Здесь мы опишем метод микроскопии легких листов для визуализации инфильтрата сердечного CD45 + лейкоцита в мышиной модели асептического молниеносного миокардита, который индуцируется внутритрахеальной терапией дифтерийным токсином мышей CD11c.DTR.
Световая флуоресцентная микроскопия (LSFM) в сочетании с протоколами химического очищения стала золотым стандартом для анализа флуоресцентно меченых структур в крупных биологических образцах и доходит до клеточного разрешения.

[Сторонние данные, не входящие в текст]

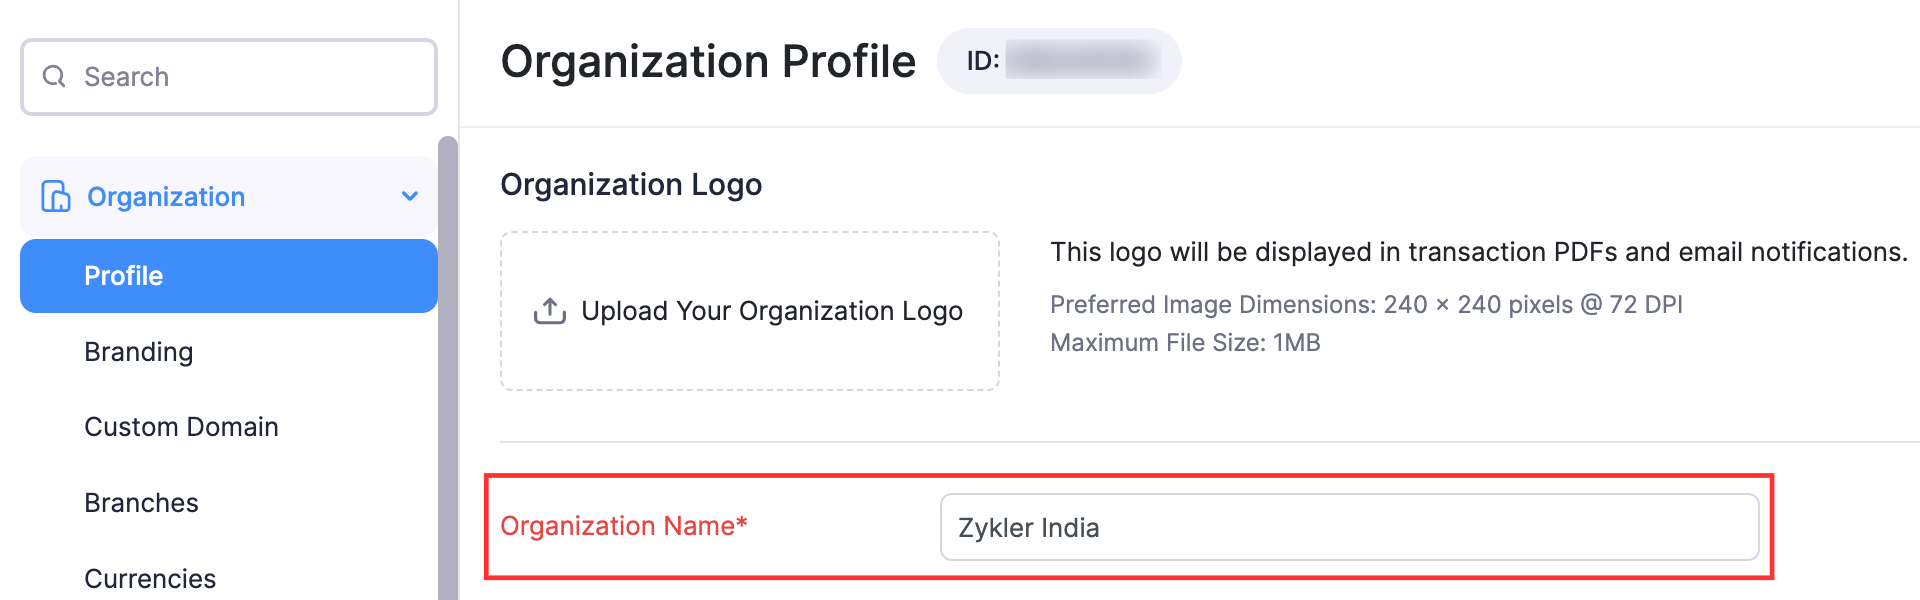 Change Organization Name

Между тем, постоянное совершенствование базовых протоколов и расширение доступности специализированных коммерческих систем позволяют нам исследовать микроструктуру целых органов мыши и даже учитывать характеристики поведения клеток в различных подходах к визуализации живых клеток. Здесь мы описываем протокол для пространственной визуализации целостного монтирования и количественной оценки популяции лейкоцитов CD45 + в воспаленных сердцах мыши. В этом методе используется трансгенный штамм мыши (CD11c.DTR), который недавно был показан как надежная, индуцибельная модель для изучения развития молниеносного фатального миокардита, характеризующегося летальными сердечными аритмиями. Этот протокол включает индукцию миокардита, интравитОпосредованное антителом антитело, окрашивание клеток, подготовка органов и LSFM с последующей последующей обработкой изображения с помощью компьютера. Несмотря на то, что он представлен как высоко адаптированный метод для нашего конкретного научного вопроса, протокол представляет собой схему легко регулируемой системы, которая может также нацеливаться на совершенно разные флуоресцентные структуры в других органах и даже на других видах.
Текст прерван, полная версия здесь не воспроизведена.